Précurseur de l'ère internet et familier de millions de Français, le Minitel, simple terminal cubique donnant accès au vidéotexte qui était livré gratuitement avec le téléphone, va mourir de sa belle mort le 30 juin, 30 ans après son lancement commercial.

Avec l'explosion des usages du web, accessible aujourd'hui sur les mobiles, les services de consultation qui permettaient d'accéder à l'annuaire téléphonique, s'inscrire à l'université, acheter par correspondance ou consulter des messageries «roses» vont définitivement s'arrêter.

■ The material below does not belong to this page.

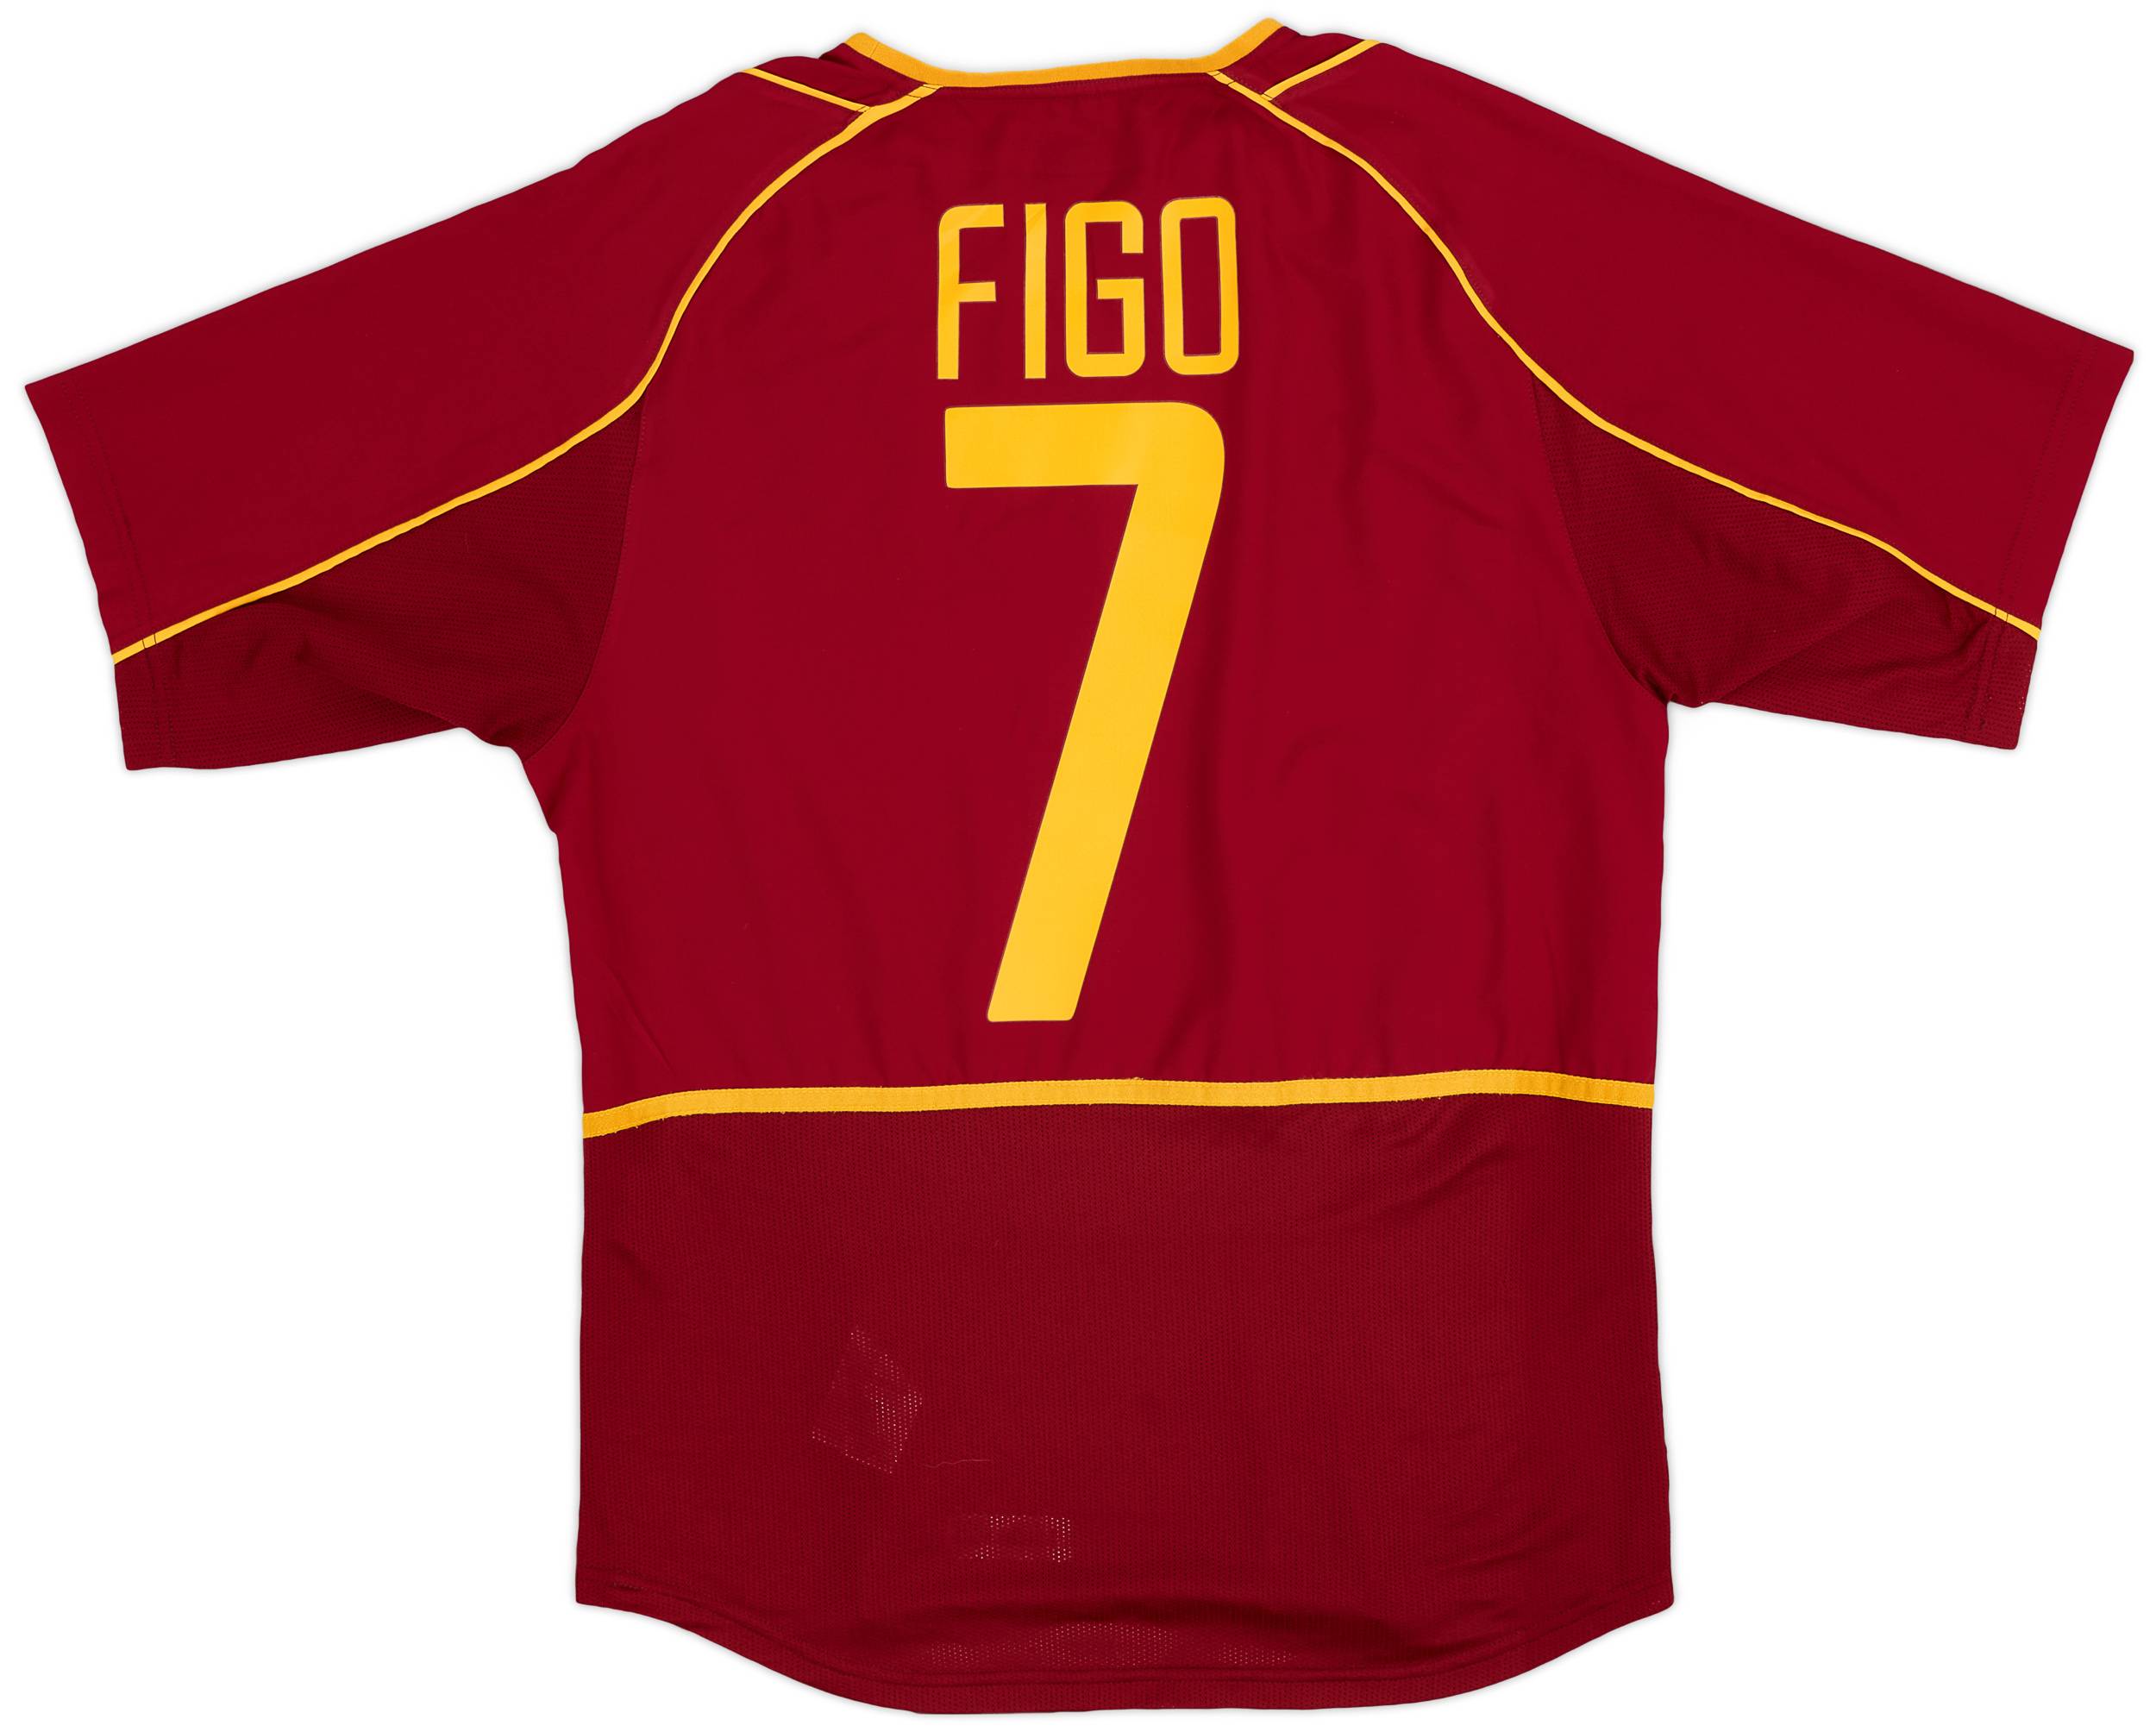 2002-04 Portugal Home Shirt Figo #7 - 8/10 - (S)

Fin 2011, il ne restait plus que 600 000 à 700 000 terminaux en circulation, selon l'opérateur France Télécom, loin des neuf millions encore présents dans les foyers et les entreprises hexagonales il y a dix ans, et il y aurait encore 420 000 usagers jusqu'au-boutistes.

L'aventure du Minitel a commencé dans les années 70 dans les laboratoires de la direction générale des télécommunications, société publique ancêtre de France Télécom. Ils mettent en place à l'époque une nouvelle norme réseau de vidéotexte, au moment où le gouvernement français décide la mise en place d'une expérimentation sur l'annuaire électronique.

Le rôle des pouvoirs publics a été primordial dans son succès: l'État a soutenu le projet dans les premières années en distribuant gratuitement les terminaux, permettant un déploiement en masse suffisant pour lancer le marché alors inédit des services télématiques.

Avec le temps se crée un écosystème de fournisseurs de contenus qui viendront ajouter une multitude de services, messageries, bases de données ou jeux, à l'annuaire, première utilisation du Minitel. Il était possible d'acheter un billet de train ou d'avion, de passer des commandes sur les sites de vente par correspondance, de consulter les résultats d'un examen, ou encore de se connecter à un site de rencontres, le très couru «Minitel rose».

La rentabilité sera atteinte au début des années 1990. À son apogée, en 1996, le Minitel recensait plus de 10.000 fournisseurs de contenus pour 26 000 services actifs. Le chiffre d'affaires, qui a culminé à un milliard d'euros, est tombé en 2010 à 30 millions d'euros.

L'arrêt définitif du système n'est pas uniquement dû à la désaffection du grand public, mais correspond aussi à des impératifs techniques liés à l'arrêt du réseau supportant le système du Minitel et qui est arrivé en phase «d'obsolescence», souligne-t-on.

Les derniers usagers vont maintenant devoir s'adapter à l'ordinateur ou à la tablette, ce que regrette Solange Gieux, 52 ans, gestionnaire d'une ferme d'élevages à Vitré (ouest de la France).

Le Minitel était «très simple à utiliser et très peu onéreux. C'est dommage qu'on nous enlève un outil comme ça, je ne comprends pas», soupire-t-elle, alors que l'ordinateur est «trop compliqué».

Les adeptes des messageries roses l'appréciaient aussi «parce qu'il n'y a pas d'intrusion sur le Minitel, le réseau est bien sécurisé», explique Gorges Gallet, animateur d'une association de recherches historiques sur les télécommunications.

Bernard Marti, 69 ans, un des pères fondateurs du Minitel, comprend l'attitude des nostalgiques: «ce sont des gens qui n'ont pas envie d'être harcelés par des messages commerciaux, qui veulent préserver leur vie privée, leur anonymat», relève-t-il

Pour autant, les derniers utilisateurs ne sont pas tous de simples nostalgiques. Certains, comme les personnes habitant des zones très reculées dites «blanches» donc non couvertes par l'ADSL, n'avaient jusqu'ici pas d'autres moyens pour accéder à certains services.

Chez France Télécom, on reste fier de ce qui fut un «fleuron» français, et on n'a qu'un seul regret, ne pas avoir eu la capacité à rendre le modèle international, même si le Minitel a influencé certaines technologies utilisées aujourd'hui.